When Sinjon awoke, it was to find himself in chains, along with the remaining colonists and a handful of captured Croatoans—about twenty in all—in a large metal cage lashed to the deck of a ship with black sails. He soon learned that the name of the ship was The Osiris, and that its crew was composed almost entirely of the undead. During the day a handful of human servants tended the ship, but come evening a host of Kindred declaring allegiance to Clans Lasombra, Ventrue and Brujah swarmed from the holds to take their places on deck and in the rigging.

The captured colonists' fate was indeed cruel. One by one, they were dragged from their prison and bled dry by the ravenous crew. Once they were drained, the bodies were turned over to the human servants, who either jerked them for their meat or fed them to the sharks that followed The Osiris like faithful hounds. Such would have been his fate—if he hadn't been lucky. His luck came in the form of Captain Blood, the fierce leader of Osiris' crew. Perhaps the pirate king looked into the frightened twenty-one-year-old's eyes and saw the murderer that lurked within, but in any case he took a fancy to Sinjon and decided to make him his new cabin boy.

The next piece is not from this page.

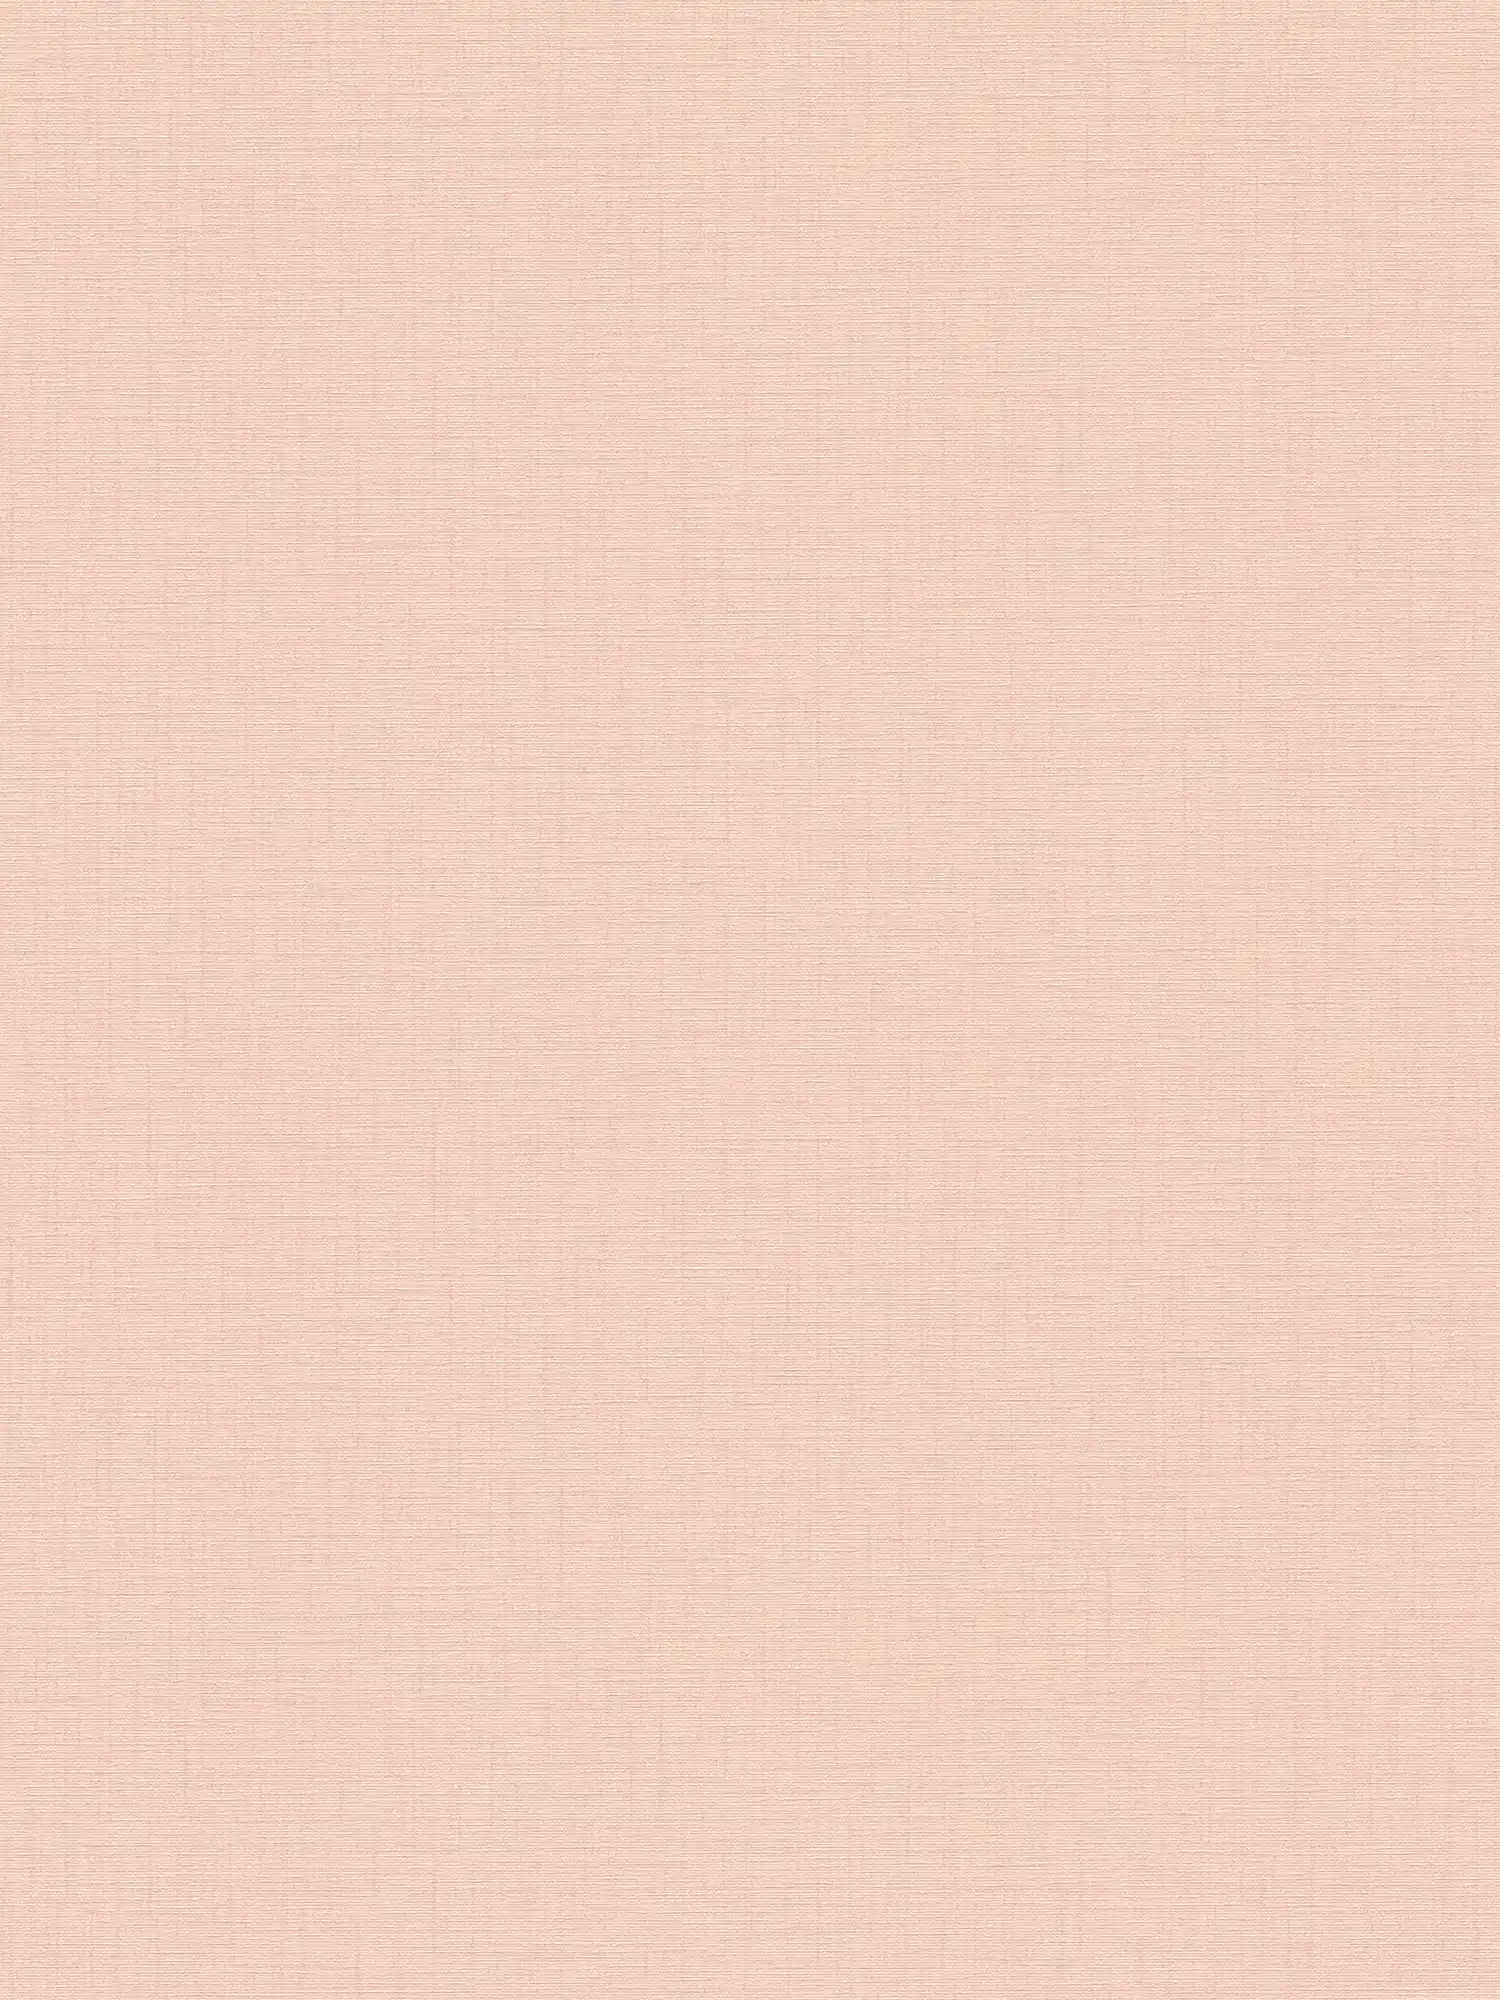 Papel Pintado Rosa Pálido Liso con Textura de Lino - Rosa

Captain Blood, who claimed to have sailed alongside Odysseus in his day, dressed all in red and wore his dark hair in a single plait that hung down to the middle of his waist. Although he had at first been terrified, Sinjon soon learned to respond to the captain's cold caresses. It wasn't long before he was helping his master plot raids on the European colonies scattered about the New World.

In 1591 Captain Blood rewarded his loyal cabin boy with the gift of the Embrace. And when Sinjon arose, reborn, into the ranks of the Kindred, he was made first mate of The Osiris. And so it went for the next decade—until The Osiris finally met its match at the hands of a Papal man o'war crewed entirely by Inquisitors under direct orders from Innocent IX to eradicate the inhuman menace on the high seas. The warrior-priests were armed with a battery that fired cannonballs cast from blessed silver, and their cutlasses and musket shot were likewise blessed.